Canning Season Starts
The foodbank where I volunteer got in pallets of Crimson Heart Pluots. They are a cross between an apricot and a plum, with slick skin like a plum. They are sweet and juicy without the pithy taste you sometimes get from apricots. I adore them!!
I canned them all, doing 33 pints of jam and 33 quarts of pluots in a light syrup just for eating.
The jam turned out beautifully, the pluots alone? Not so much. They boiled over each time I removed them from the canner and the fruit rose to the top badly. While they won't win any blue ribons they will feed my family, and that is my ultimate goal.
I spoke to my Mom and she said maybe I was boiling them too hard, so the last batch I turned down to just a simmer and left them in the canner to cool a bit before I pulled them out. They didn't boil over and spew forth like the first batches did, but they still rose to the top and looked like they had had the life boiled out of them.
Any canners out there have any recommendations? I did a raw pack, and followed the directions for apricots in my Ball Blue book.
Oh, well. They still taste good.
Comments
Maybe you can serve the fruit but save the juice/liquid and use it in sweet recipes in place of the milk?
Or you can put the juice in a pan with a little corn starch and make syrup for pancakes out of it? (might need to add a few things, but it could serve as a good base)
Do you have popsicle molds? You could make popsicles with it!
Make jelly with it?
Freeze it and use in in smoothies?
I'm sure I could come up with more ideas, but I must go!

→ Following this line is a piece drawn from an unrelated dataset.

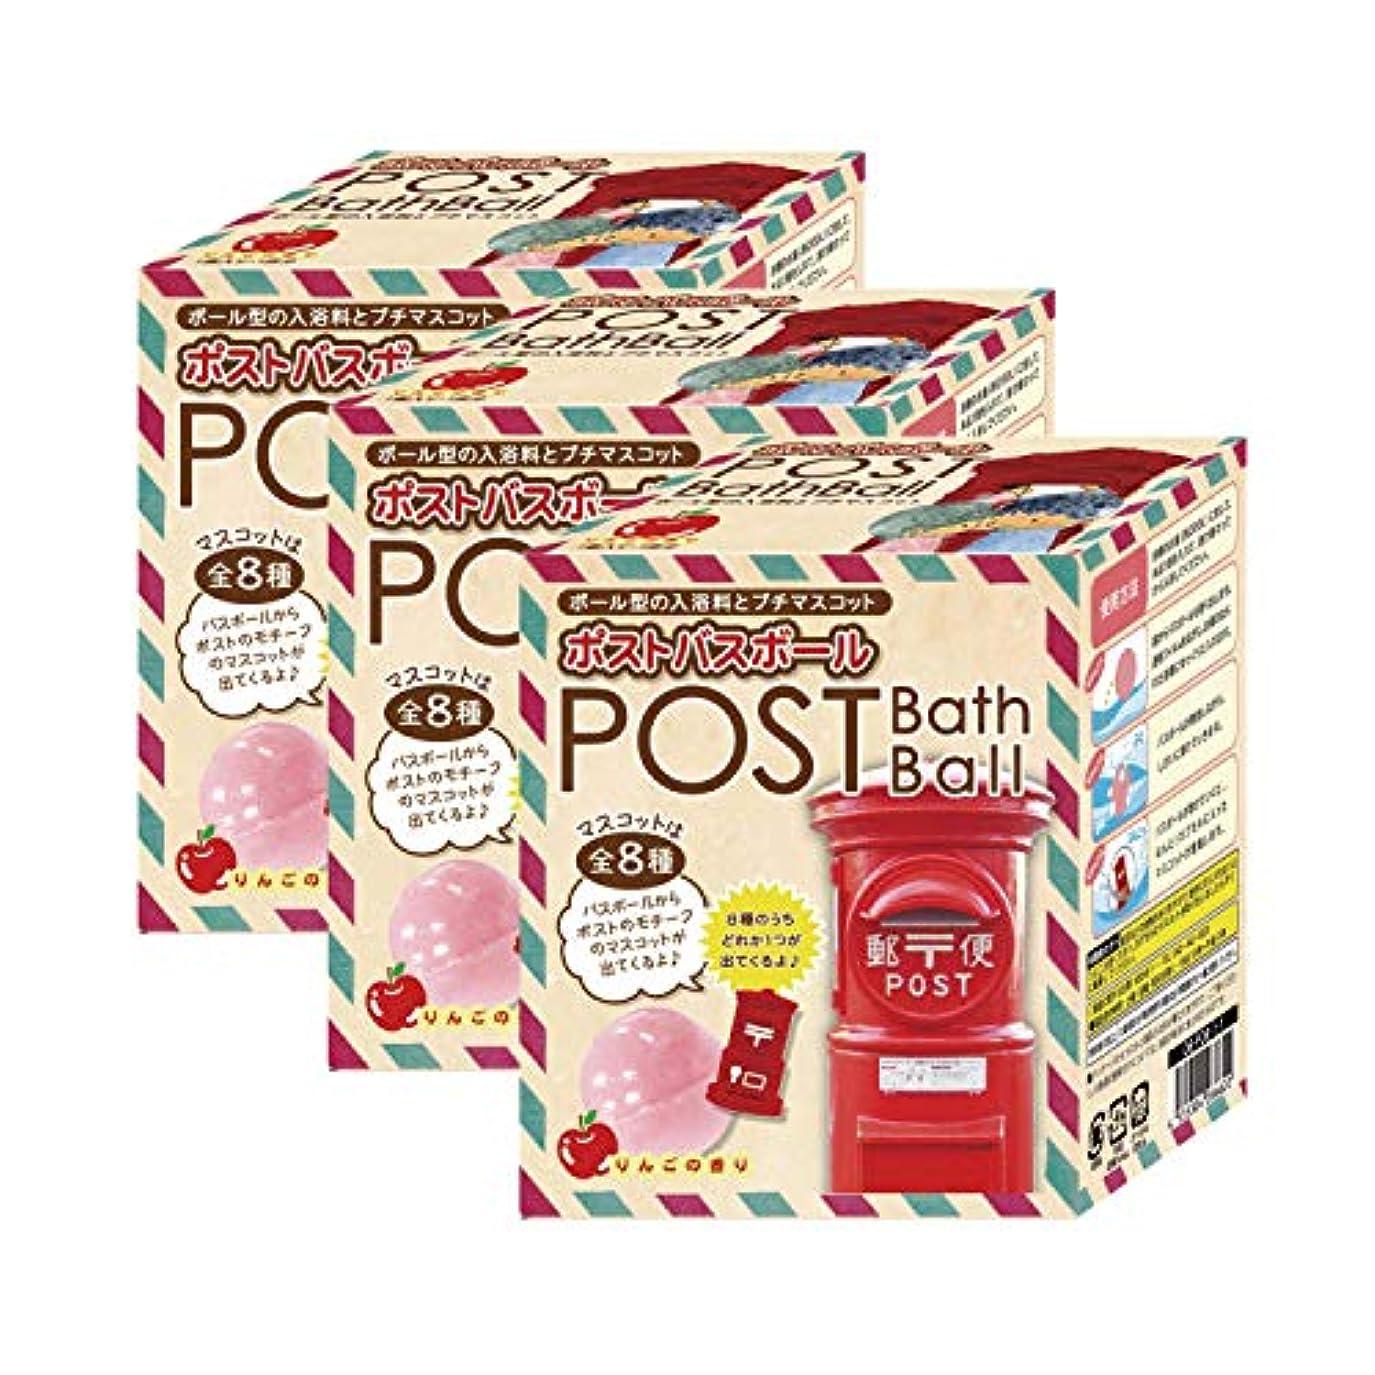 低下限りなくバルーン郵便ポスト 入浴剤 バスボール おまけ付き りんごの香り 60g 3個セット

FREE FOOD is always a good thing! Let me know how you like the jam :)
In Christ,
Joanne
~Laura
I always try to tout the advantages of drying fruit too - small storage space, no jar expense, no heating up the kitchen with boiling water and nor freezer reliant on electricity, kid-friendly treats. Just split and pit your fruit and place skin-side down on dehydrator screens in the sun or cookie sheets in the back window of your car. Later, when partially dry, push with your thumb on the skin side to turn the halves a bit inside-out and continue drying until pliant with no visible moisture inside. Store in plastic zip-lock bags in your pantry. Kids eat them up just like candy! Fruit leather is another option. Spread fruit puree 1/4" thick on plastic wrap covering a plate or screen, dry until shiny instead of soft and moist. Roll up plastic and leather together, and cut into 1" rounds. Just like fruit roll-ups from the store.